Sanders called drug pricing in the US “outrageous,” noting that Americans spend by far the most for prescription drugs in the world. A report this month by the US Department of Health and Human Services found that in 2022, US prices across all brand-name and generic drugs were nearly three times as high as prices in 33 other wealthy countries. That means that for every dollar paid in other countries for prescription drugs, Americans paid $2.78. And that gap is widening over time.

Focusing on drugs from the three companies represented at the hearing (J&J, Merck, and Bristol Myers Squibb), the Senate report looked at how initial prices for new drugs entering the US market have skyrocketed over the past two decades. The analysis found that from 2004 to 2008, the median launch price of innovative prescription drugs sold by J&J, Merck, and Bristol Myers Squibb was over $14,000. But, over the past five years, the median launch price was over $238,000. Those numbers account for inflation.

The report focused on high-profit drugs from each of the drug makers. Merck’s Keytruda, a cancer drug, costs $191,000 a year in the US, but is just $91,000 in France and $44,000 in Japan. J&J’s HIV drug, Symtuza, is $56,000 in the US, but only $14,000 in Canada. And Bristol Myers Squibb’s Eliquis, used to prevent strokes, costs $7,100 in the US, but $760 in the UK and $900 in Canada.

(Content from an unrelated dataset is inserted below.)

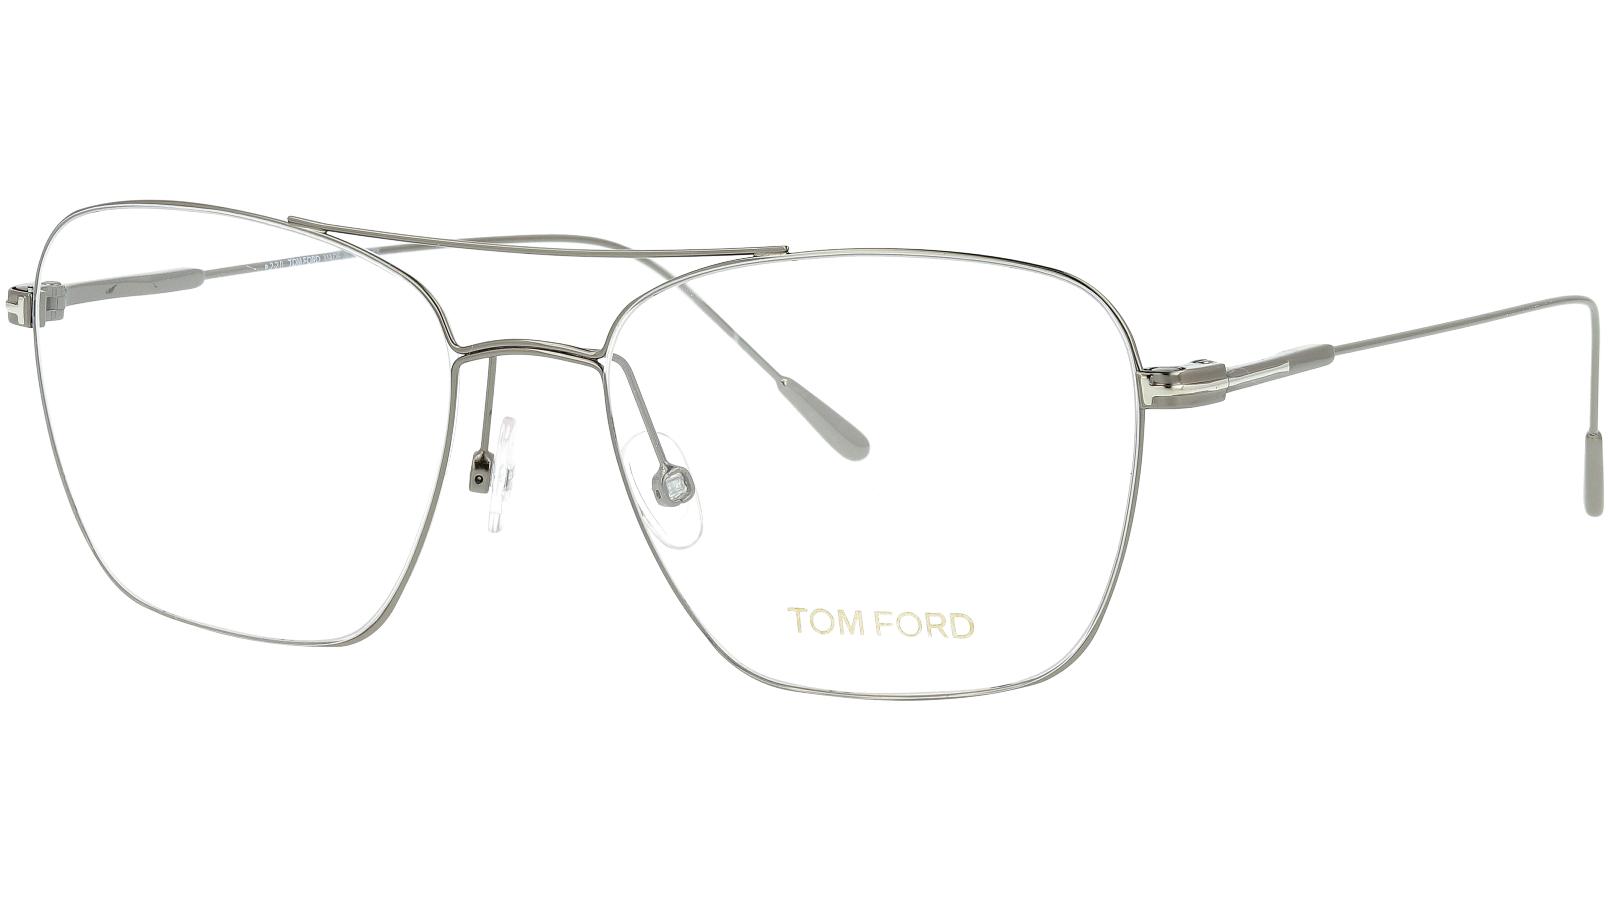 Tom Ford TF5604 008 54 GUNMETAL Glasses

Sanders asked Bristol Myers Squibb’s CEO Boerner if the company would “reduce the list price of Eliquis in the United States to the price that you charge in Canada, where you make a profit?” Boerner replied that “we can’t make that commitment primarily because the prices in these two countries have very different systems.”

The powerful pharmaceutical trade group PhRMA, published a blog post before the hearing saying that comparing US drug prices to prices in other countries “hurts patients.” The group argued that Americans have broader, faster access to drugs than people in other countries.